Original source: topic-fdatasync-vs-fsync-optimization

Topic: For append-only files like WALs, `fdatasync` skips unnecessary metadata updates (mtime) and can be 2-3x faster; explore whether switching would be safe here

Date: 2026-05-29

Time: 10:04

`fdatasync` vs `fsync` in Append-Only Storage Files

What's the difference?

fsync flushes both file data and all metadata (mtime, atime, permissions, size) to stable storage. fdatasync flushes file data and only the metadata required for subsequent data retrieval — in practice, file size if it changed, but not mtime. For append-only workloads where every write grows the file, fdatasync does everything you need while skipping an extra inode write for timestamps.
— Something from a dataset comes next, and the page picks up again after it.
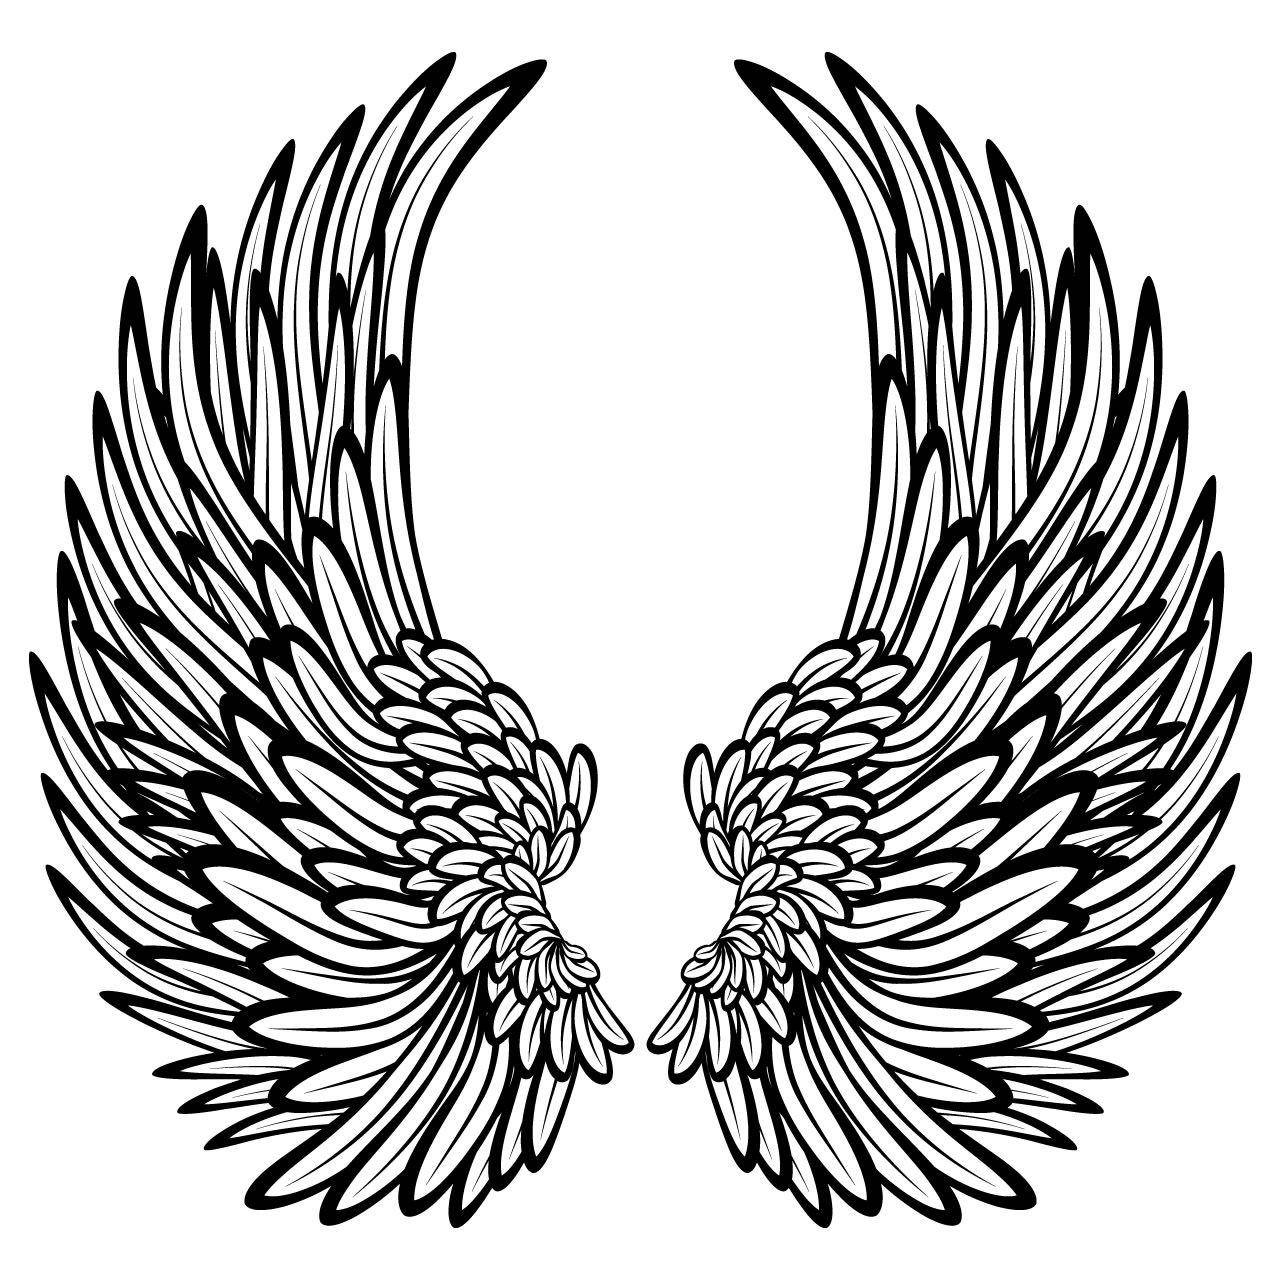 1280x1280 angel wings angels wings angel wings wall, wings, wings drawing

On Linux ext4, this can eliminate a second disk barrier per sync, yielding 2-3x throughput improvement under heavy write loads.

Where `fsync` is used today

The codebase has three distinct sync profiles:

1. Heavy sync — `write-ahead-log/wal.py`

The standalone WAL uses os.fsync() on nearly every write path. The dosync method at line 126-133 is the central dispatch:


# wal.py:126-133
def _do_sync(self, force: bool = False):
    if self._sync_mode == "sync" or force:
        self._fd.flush()
        os.fsync(self._fd.fileno())
    elif self._sync_mode == "batch":
        self._write_count += 1
        if self._write_count >= self._batch_sync_count:
            self._fd.flush()
            os.fsync(self._fd.fileno())
            self._write_count = 0

Additional os.fsync() calls appear in rotate (line 115), truncate (line 184), checkpoint via do_sync (line 183-184), and the truncation rewrite loop (line 208-209). This file is append-only — every write appends records, and rotation creates a new file. Strong candidate for fdatasync.

2. Append-only data files — `hash-index-storage/bitcask.py`

The writerecord method (line 85-93) does:


self.active_file.flush()
if self.sync_writes:
    os.fsync(self.active_file.fileno())

Bitcask data files are strictly append-only. The file is opened with "ab" mode (line 68). Safe for fdatasync.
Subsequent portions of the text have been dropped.